In conclusion, high THI scores revealed elevated level of annoyance generated by tinnitus and may evidence a correlation with hyperacusis and sleep disorders. These last two parameters must be always considered to assess a correct therapy and a greater emphasis should be placed on improving sleep. Several questionnaires are used in the evaluation of sleep like the Pittsburgh sleep quality index (PSQI) [41] and the Insomnia symptom questionnaire. [42] After an interview about patient's experience with hyperacusis a specific questionnaire like Khalfa hyperacusis questionnaire [43] may help to address severity of the hyperacusis. The assessment of specific audiological measures like the loudness discomfort level (LDL) is suggested to detect an abnormal sound-level tolerance. Gu et al.[13] studied subjects with and without tinnitus and hyperacusis. The subjects were evaluated with behavioral tests (sound level tolerance questionnaire and tinnitus reaction questionnaire), LDL and functional Magnetic Resonance Imaging to measure sound-evoked activation of central auditory centers. Subjects with a decreased sound tolerance level presented a higher activation in the inferior colliculus, medial geniculate body compared with subjects without hyperacusis. These results may confirm the hypothesis that tinnitus and hyperacusis may arise from abnormal activation in the neural pathways. The major limit of our study was the very small sample size.

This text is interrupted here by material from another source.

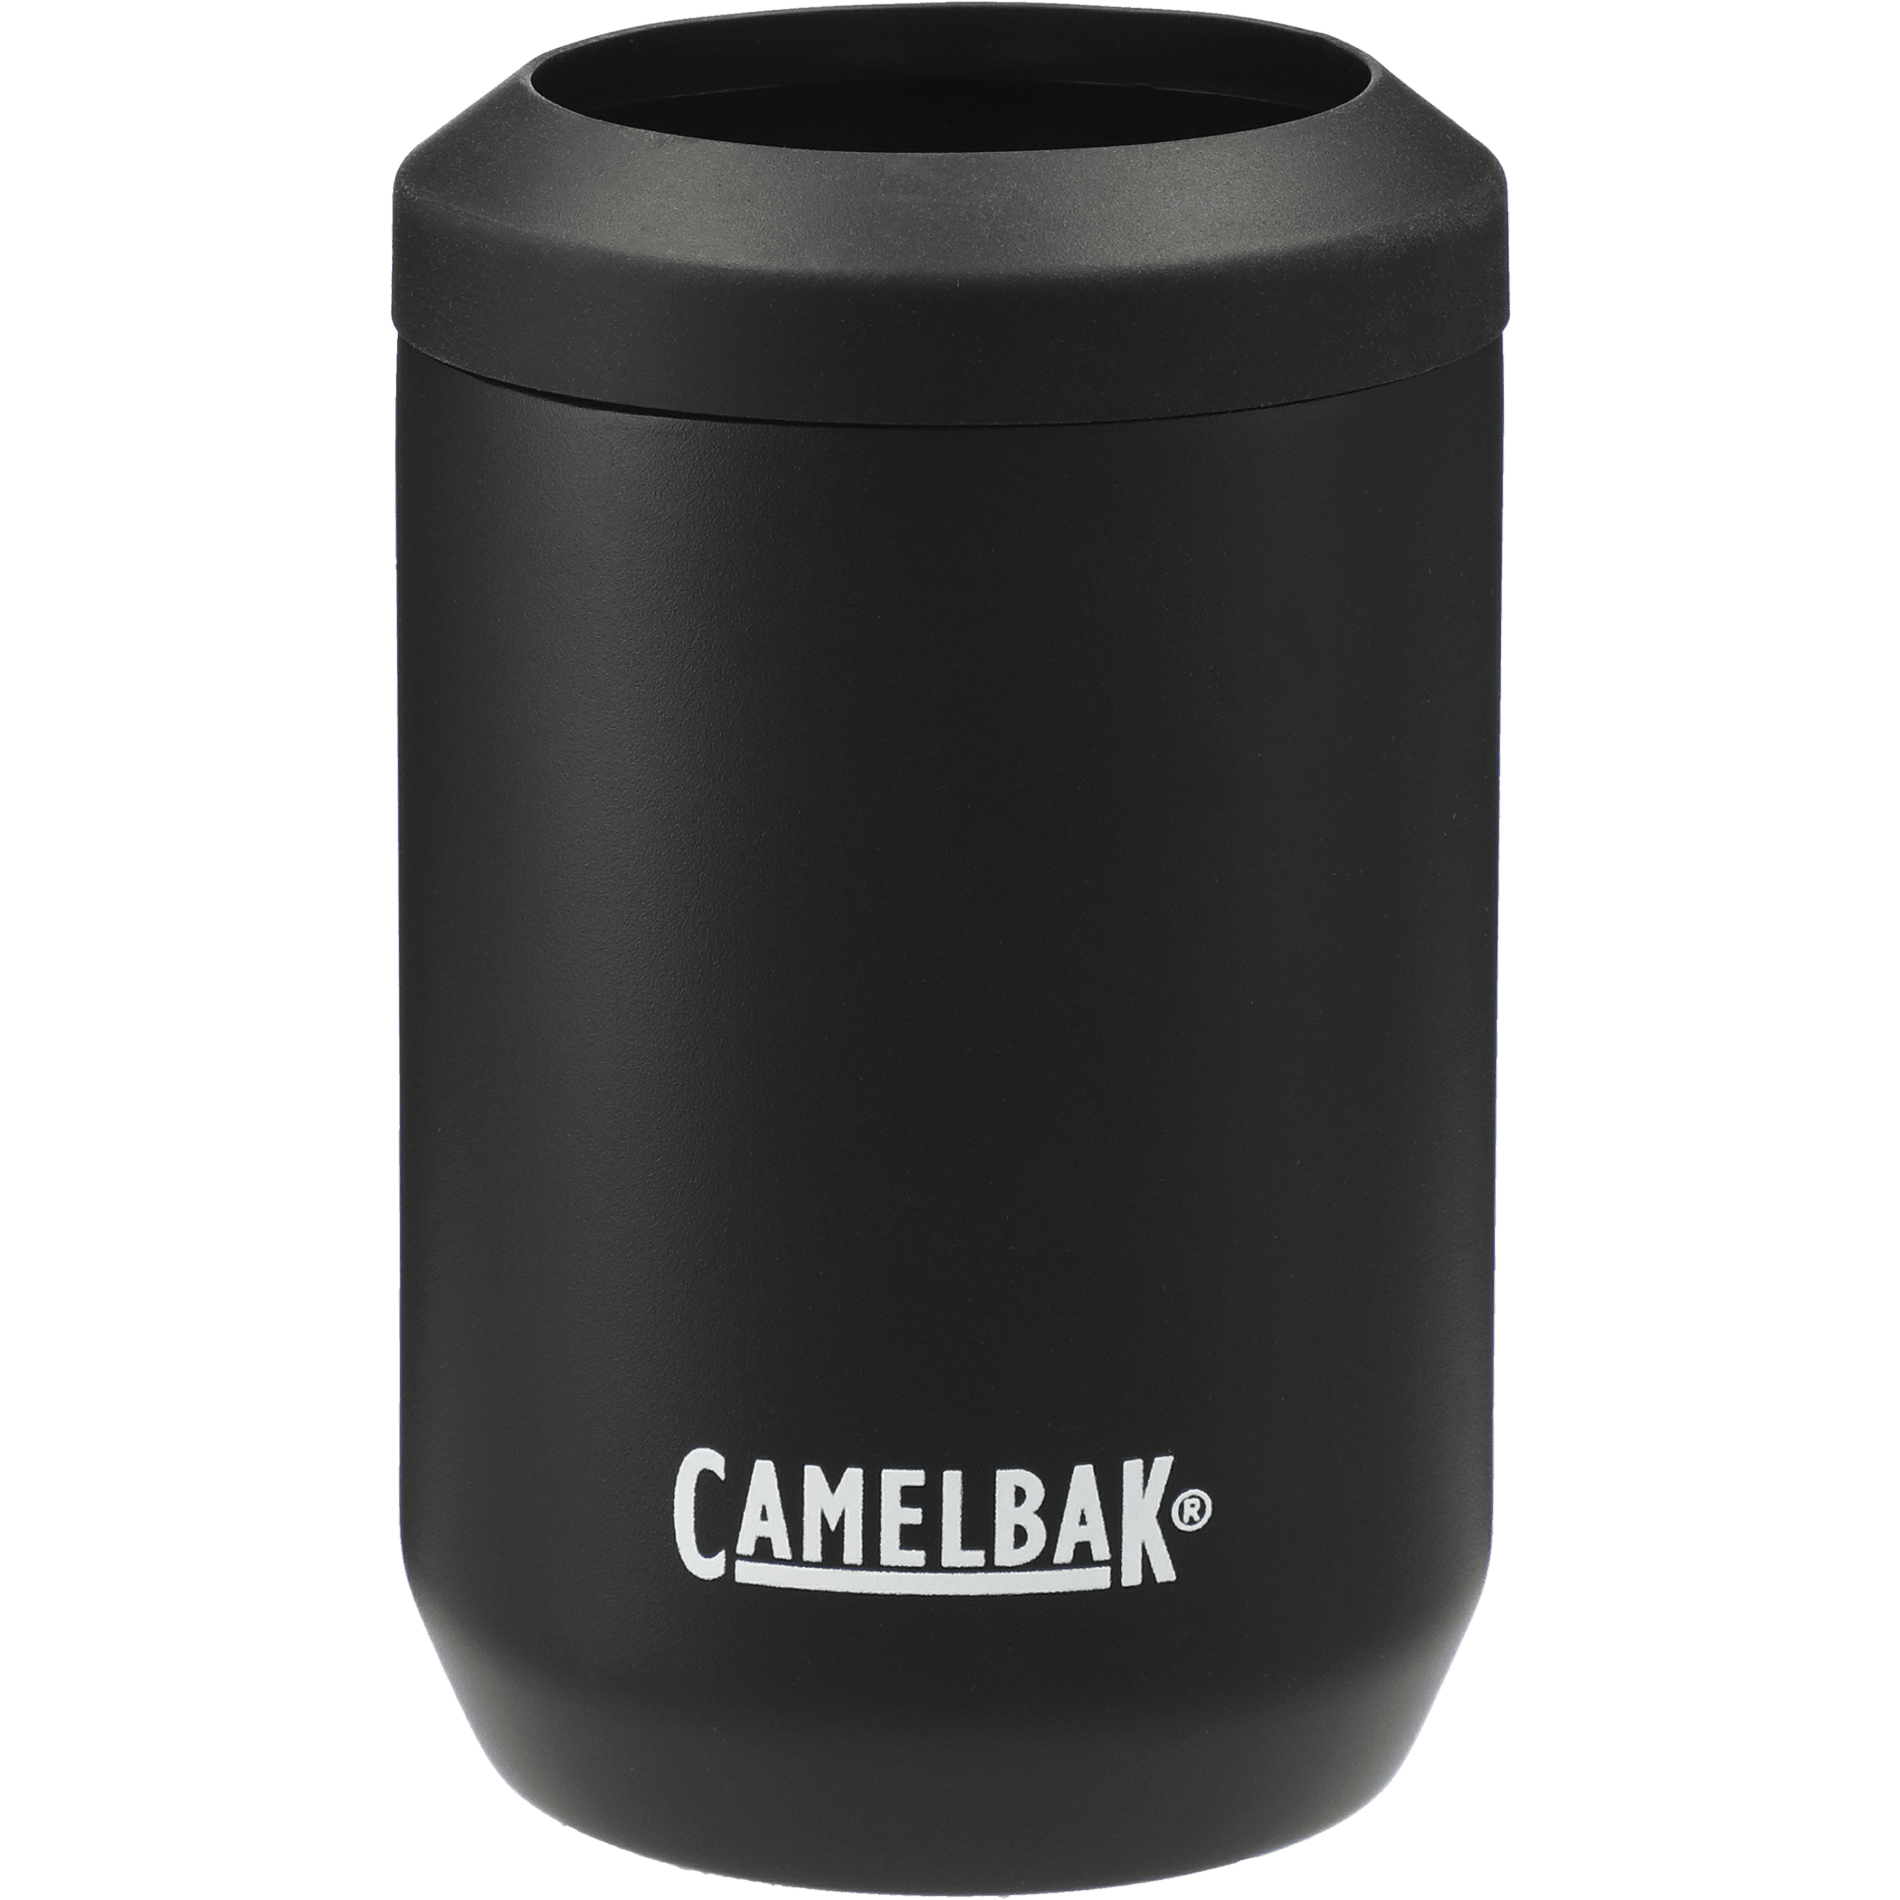 Camelbak Travel Mug

The most important strength of our study is the use of THI and TSCH to evaluate the relationship between tinnitus, sleep disorders and hyperacusis. Specific questionnaires like the PSQI and the Khalfa hyperacusis questionnaire and audiometric tests like LDL can be studied to better understand the relationship between sleep disorders and hyperacusis in tinnitus patients, preferably in a longer cohort study.

In conclusion we suggest that TSCH and THI can be considered as screening tools in the clinical practice to evidence sleep disorders and hyperacusis which subsequently will be investigated with specific questionnaires and clinical assessment.


We thank S. Necozione for assistance with data collection and statistical analysis.